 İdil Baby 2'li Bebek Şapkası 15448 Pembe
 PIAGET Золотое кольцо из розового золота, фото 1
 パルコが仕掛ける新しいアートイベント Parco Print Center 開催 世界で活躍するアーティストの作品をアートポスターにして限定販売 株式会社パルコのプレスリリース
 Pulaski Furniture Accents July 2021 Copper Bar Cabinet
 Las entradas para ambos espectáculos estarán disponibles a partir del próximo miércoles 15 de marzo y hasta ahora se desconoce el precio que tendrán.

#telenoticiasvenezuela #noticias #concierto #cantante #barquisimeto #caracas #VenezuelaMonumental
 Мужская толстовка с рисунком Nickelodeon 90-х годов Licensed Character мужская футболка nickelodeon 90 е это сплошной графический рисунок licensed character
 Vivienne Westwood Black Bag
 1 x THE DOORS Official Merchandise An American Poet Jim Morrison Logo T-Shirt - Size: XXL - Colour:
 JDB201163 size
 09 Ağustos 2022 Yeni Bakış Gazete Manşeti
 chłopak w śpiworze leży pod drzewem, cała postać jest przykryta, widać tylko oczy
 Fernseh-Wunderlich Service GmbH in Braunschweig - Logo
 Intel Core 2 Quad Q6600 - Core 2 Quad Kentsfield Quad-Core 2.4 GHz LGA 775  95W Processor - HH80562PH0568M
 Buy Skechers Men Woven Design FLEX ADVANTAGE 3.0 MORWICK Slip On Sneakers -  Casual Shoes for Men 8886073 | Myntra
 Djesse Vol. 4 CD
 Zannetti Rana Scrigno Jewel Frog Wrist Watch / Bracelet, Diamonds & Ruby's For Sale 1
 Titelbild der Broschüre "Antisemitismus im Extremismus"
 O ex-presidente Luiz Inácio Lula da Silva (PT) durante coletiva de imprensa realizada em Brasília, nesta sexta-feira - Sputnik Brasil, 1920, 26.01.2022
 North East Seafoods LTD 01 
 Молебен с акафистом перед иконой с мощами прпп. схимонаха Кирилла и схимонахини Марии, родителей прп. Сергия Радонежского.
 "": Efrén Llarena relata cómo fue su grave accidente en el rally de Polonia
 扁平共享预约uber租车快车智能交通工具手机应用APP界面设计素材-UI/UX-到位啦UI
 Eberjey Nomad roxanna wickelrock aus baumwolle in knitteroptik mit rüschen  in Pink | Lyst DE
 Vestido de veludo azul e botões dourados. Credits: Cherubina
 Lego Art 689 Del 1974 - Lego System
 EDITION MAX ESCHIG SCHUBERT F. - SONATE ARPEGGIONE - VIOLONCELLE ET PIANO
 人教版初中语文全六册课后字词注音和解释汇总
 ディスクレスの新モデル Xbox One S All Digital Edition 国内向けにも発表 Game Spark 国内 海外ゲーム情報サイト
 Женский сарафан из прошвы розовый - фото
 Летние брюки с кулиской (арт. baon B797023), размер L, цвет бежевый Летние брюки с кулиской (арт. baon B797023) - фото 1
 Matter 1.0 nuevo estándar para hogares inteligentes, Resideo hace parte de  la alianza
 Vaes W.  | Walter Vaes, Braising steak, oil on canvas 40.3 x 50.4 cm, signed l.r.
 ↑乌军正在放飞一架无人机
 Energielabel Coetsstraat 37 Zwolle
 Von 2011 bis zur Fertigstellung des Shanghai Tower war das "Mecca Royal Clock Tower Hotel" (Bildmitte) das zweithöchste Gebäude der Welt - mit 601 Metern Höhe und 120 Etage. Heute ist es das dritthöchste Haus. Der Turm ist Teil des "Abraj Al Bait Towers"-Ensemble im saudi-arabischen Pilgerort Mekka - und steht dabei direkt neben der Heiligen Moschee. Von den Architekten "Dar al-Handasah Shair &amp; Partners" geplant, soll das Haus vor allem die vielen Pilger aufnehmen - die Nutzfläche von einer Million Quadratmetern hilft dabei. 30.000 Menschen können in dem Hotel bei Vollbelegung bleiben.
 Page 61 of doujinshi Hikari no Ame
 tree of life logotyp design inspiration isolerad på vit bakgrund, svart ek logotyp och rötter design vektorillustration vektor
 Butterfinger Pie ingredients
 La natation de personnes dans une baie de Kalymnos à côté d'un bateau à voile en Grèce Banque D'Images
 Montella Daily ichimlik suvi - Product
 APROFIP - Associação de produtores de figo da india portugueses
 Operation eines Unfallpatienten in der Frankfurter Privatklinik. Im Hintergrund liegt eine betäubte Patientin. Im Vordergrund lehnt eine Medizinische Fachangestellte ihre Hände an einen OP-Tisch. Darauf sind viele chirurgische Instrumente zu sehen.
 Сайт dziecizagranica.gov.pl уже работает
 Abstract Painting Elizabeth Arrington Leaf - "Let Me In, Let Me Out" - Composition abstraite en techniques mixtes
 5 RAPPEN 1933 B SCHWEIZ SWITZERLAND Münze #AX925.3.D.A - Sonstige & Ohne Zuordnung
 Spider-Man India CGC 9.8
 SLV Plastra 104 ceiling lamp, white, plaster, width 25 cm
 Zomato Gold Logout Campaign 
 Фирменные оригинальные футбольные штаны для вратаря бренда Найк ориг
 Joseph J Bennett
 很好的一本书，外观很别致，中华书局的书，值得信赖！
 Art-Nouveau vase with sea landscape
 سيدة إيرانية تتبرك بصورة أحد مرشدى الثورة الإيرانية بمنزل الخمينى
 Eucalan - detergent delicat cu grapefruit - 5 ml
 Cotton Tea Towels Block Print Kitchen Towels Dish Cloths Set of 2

## PROBLEM TO WORK ON
Taking the line with "Fernseh-Wunderlich Service GmbH" as the first and the line with "Titelbild der Broschüre" as the last, retype that stretch of the data above exactly, with no other lines.

## SOLUTION TO THE PROBLEM
 Fernseh-Wunderlich Service GmbH in Braunschweig - Logo
 Intel Core 2 Quad Q6600 - Core 2 Quad Kentsfield Quad-Core 2.4 GHz LGA 775  95W Processor - HH80562PH0568M
 Buy Skechers Men Woven Design FLEX ADVANTAGE 3.0 MORWICK Slip On Sneakers -  Casual Shoes for Men 8886073 | Myntra
 Djesse Vol. 4 CD
 Zannetti Rana Scrigno Jewel Frog Wrist Watch / Bracelet, Diamonds & Ruby's For Sale 1
 Titelbild der Broschüre "Antisemitismus im Extremismus"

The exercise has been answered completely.